Кровь текла быстро, вскоре я уже был весь в ней перемазан. Внезапно мне стало страшно. Вдруг кровь не остановить? Ко мне вчера весь день никто не заходил! Я умру от потери крови. Какая нелепая смерть! В панике я подскочил с кровати и тут же дверь распахнулась. На пороге стоял Хаким. Его лицо окаменело, когда он увидел меня. Он обвел взглядом комнату, осколки блюдца, клоки моих волос, сиротливо лежавшие повсюду. После этого я по-настоящему понял значение слова «бешенство». Он накинулся на меня, как сумасшедший. Его удары были точными, поставленными. Он бил меня по лицу, по ребрам, по животу. Я слышал какой-то дикий хруст, все покрыла красная пелена. И было больно. Боль ни на секунду не затихала, разгораясь сильней, словно костер на ветру. Во рту появился знакомый медный привкус. Я задыхался. Пытался отползти, позвать на помощь, но все было бесполезно. Он меня убьет. Я уже даже не кричал, лишь мое тело вздрагивало от ударов.

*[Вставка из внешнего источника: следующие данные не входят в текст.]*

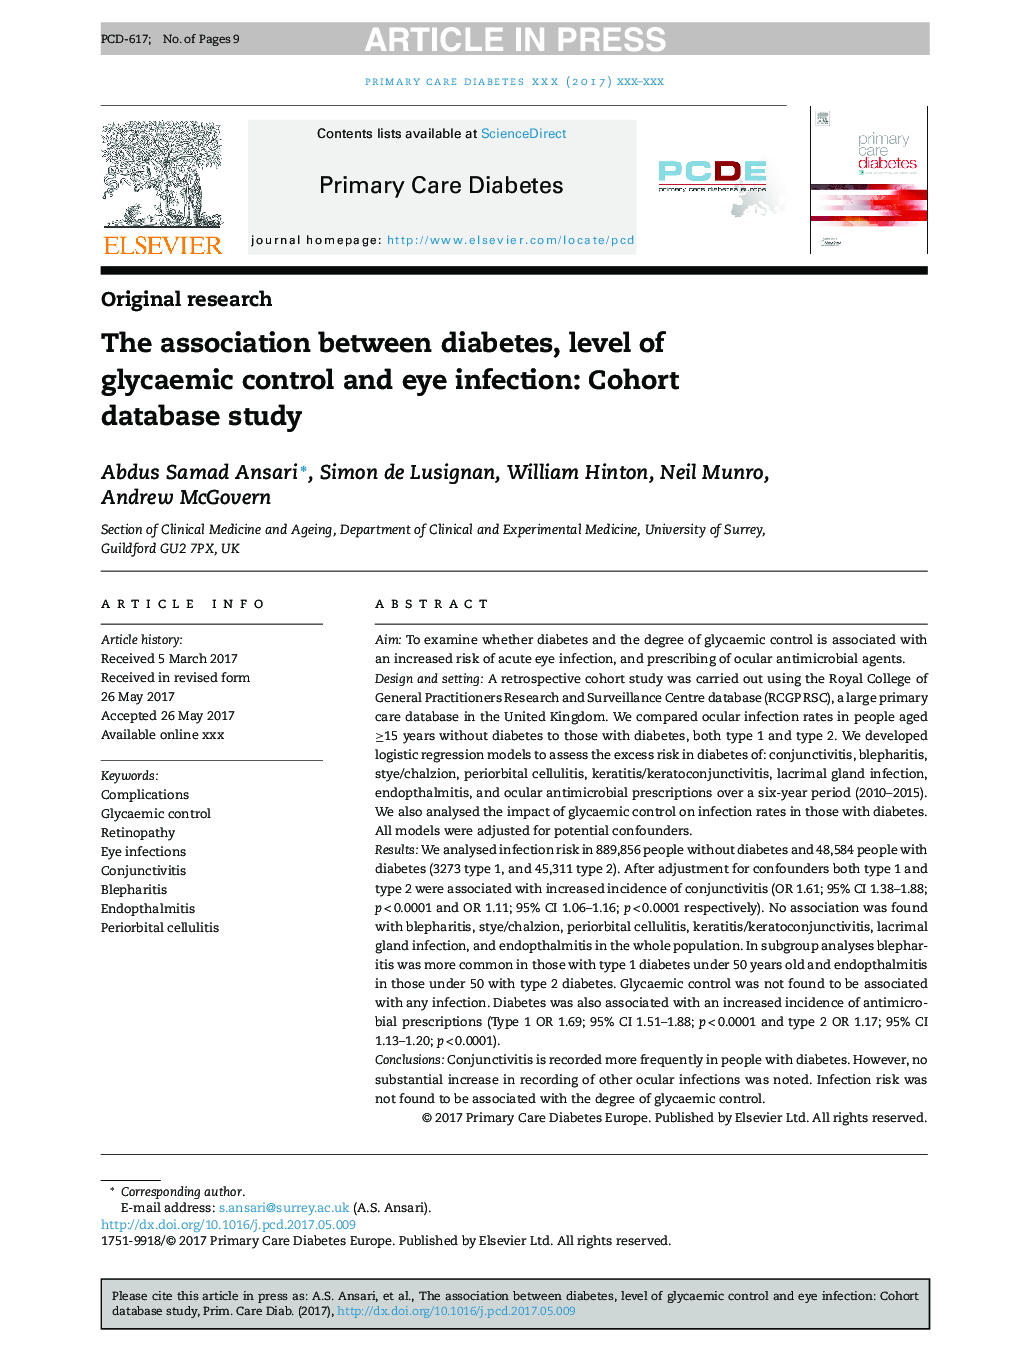 ارتباط بین دیابت، سطح کنترل گلیسمی و عفونت چشم: مطالعه پایگاه داده کوهورت

— Хаким! – с визгом кинулся на мужчину знакомый мне юноша. – Ты убьешь его! Остановись!
Вроде даже прибежал крепыш, стал оттаскивать мужчину. Для меня вдруг все стало пепельно-белым, до рези в глазах, я зажмурился и мир исчез.
Глава 2.
Я пожалел тысячу раз, что решился на уродование себя. Злить Хакима нельзя. Он из тех людей, которых можно назвать настоящими психами. Им сносит голову, если что-то пошло не так или кто-то поступает против их воли.
Мои глаза не открывались неделю, нормально дышать я смог только через месяц, как и принимать пищу. Перечислить мои травмы – страницы не хватит. Больше всего врач сокрушался из-за носа, восстановить его былую форму не представлялось возможным.
Первое время я был похож на спелую сливу. Весь в синяках, бинтах. Сломанные ребра туго перетянуты, на голове повязка, на носу скобы.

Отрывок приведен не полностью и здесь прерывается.